X = telcom.drop("churn", axis=1)
Y = telcom["churn"]

results = []
names = []

to_store1 = list()

seed = 0
scoring = "roc_auc"

cv_results = np.array([])

for name, model in models:
    for train_index, test_index in kf.split(X):
        # split the data
        X_train, X_test = X.loc[train_index,:].values, X.loc[test_index,:].values
        y_train, y_test = np.ravel(Y[train_index]), np.ravel(Y[test_index])  

        model = model  # Choose a model here
        model.fit(X_train, y_train )  
        y_pred = model.predict(X_test)

        to_store1.append(train_index)

        # store fold results
        result = roc_auc_score(y_test, y_pred)
        cv_results = np.append(cv_results, result)

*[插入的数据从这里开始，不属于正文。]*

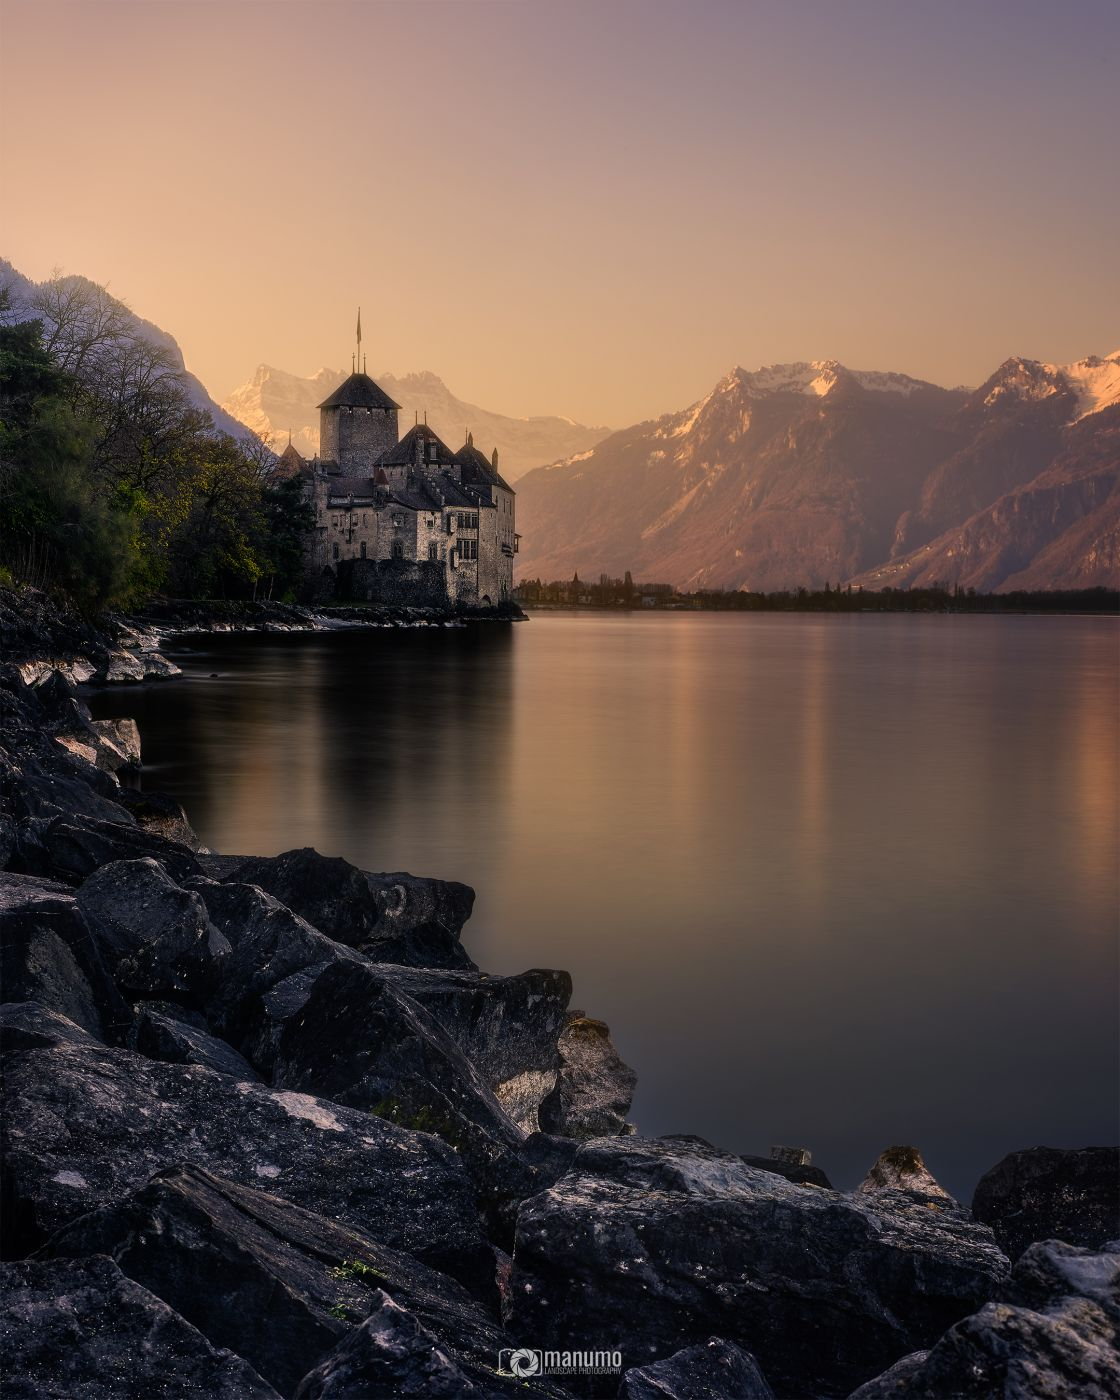 Castle of Chillon, Switzerland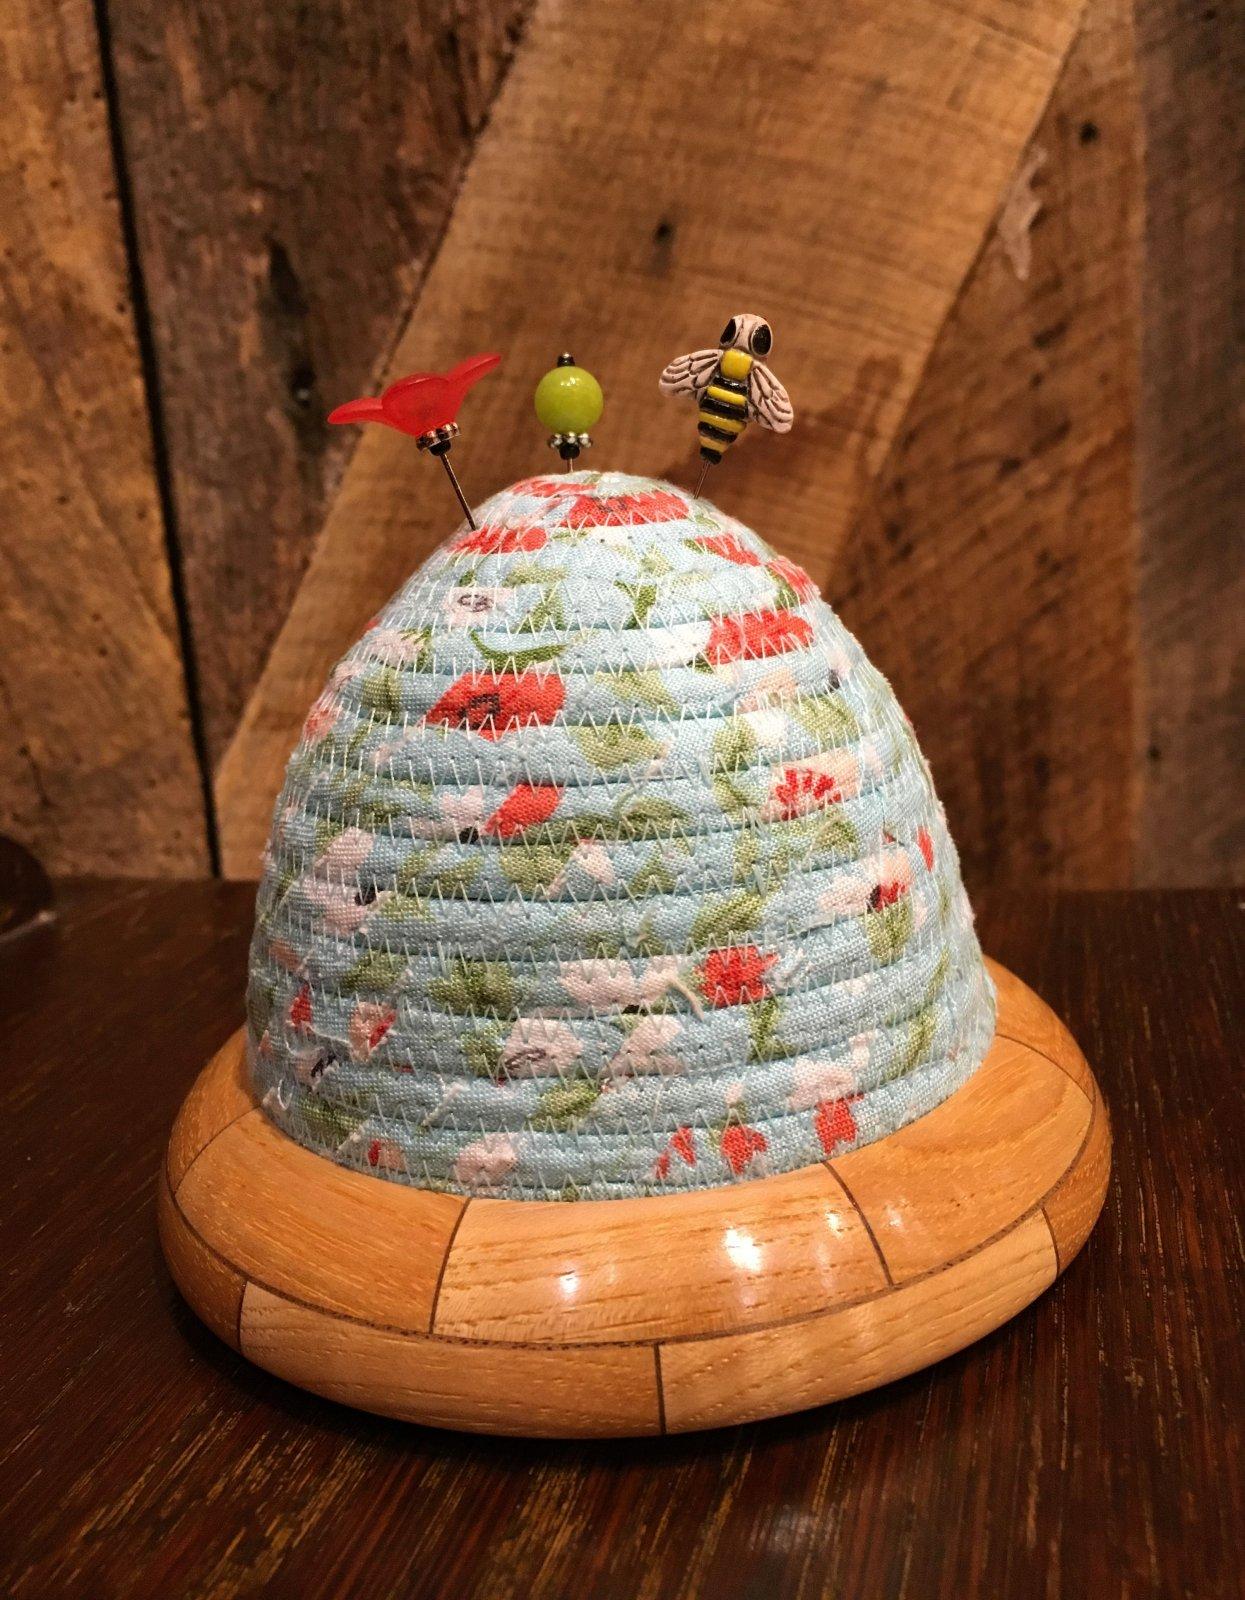 Beehive Pincushion - Hickory / Walnut Base - Blue Top

    results.append(cv_results)
    names.append(name)
    msg = "%s: %f (%f)" % (name, cv_results.mean(), cv_results.std())
    print(msg)
    cv_results = np.array([])   

# boxplot algorithm comparison
fig = plt.figure()
fig.suptitle('Algorithm Comparison-AUC')
ax = fig.add_subplot(111)
plt.boxplot(results)
ax.set_xticklabels(names)
plt.grid()

plt.show()

enter image description here


Tags: namefromtestimportindexmodelnamesnp
1条回答
网友
1楼 · 发布于 2024-04-25 10:15:17

简而言之,您应该使用model.predict_proba(X_test)[:, 1]model.decision_function(X_test)来获得相同的结果,因为roc auc scorer需要类概率。答案很长,你可以用一个玩具的例子来重现同样的行为:

import numpy as np
from sklearn.model_selection import KFold, cross_val_score
from sklearn.linear_model import LogisticRegression
from sklearn.datasets import load_breast_cancer
from sklearn.metrics import roc_auc_score, make_scorer

def assert_equal_scores(rnd_seed, needs_threshold):
    """Assert two different scorings, return equal results."""
    X, y, *_ = load_breast_cancer().values()
    kfold = KFold(random_state=rnd_seed)
    lr = LogisticRegression(random_state=rnd_seed + 10)
    roc_auc_scorer = make_scorer(roc_auc_score, needs_threshold=needs_threshold)
    cv_scores1 = cross_val_score(lr, X, y, cv=kfold, scoring=roc_auc_scorer)
    cv_scores2 = cross_val_score(lr, X, y, cv=kfold, scoring='roc_auc')
    np.testing.assert_equal(cv_scores1, cv_scores2)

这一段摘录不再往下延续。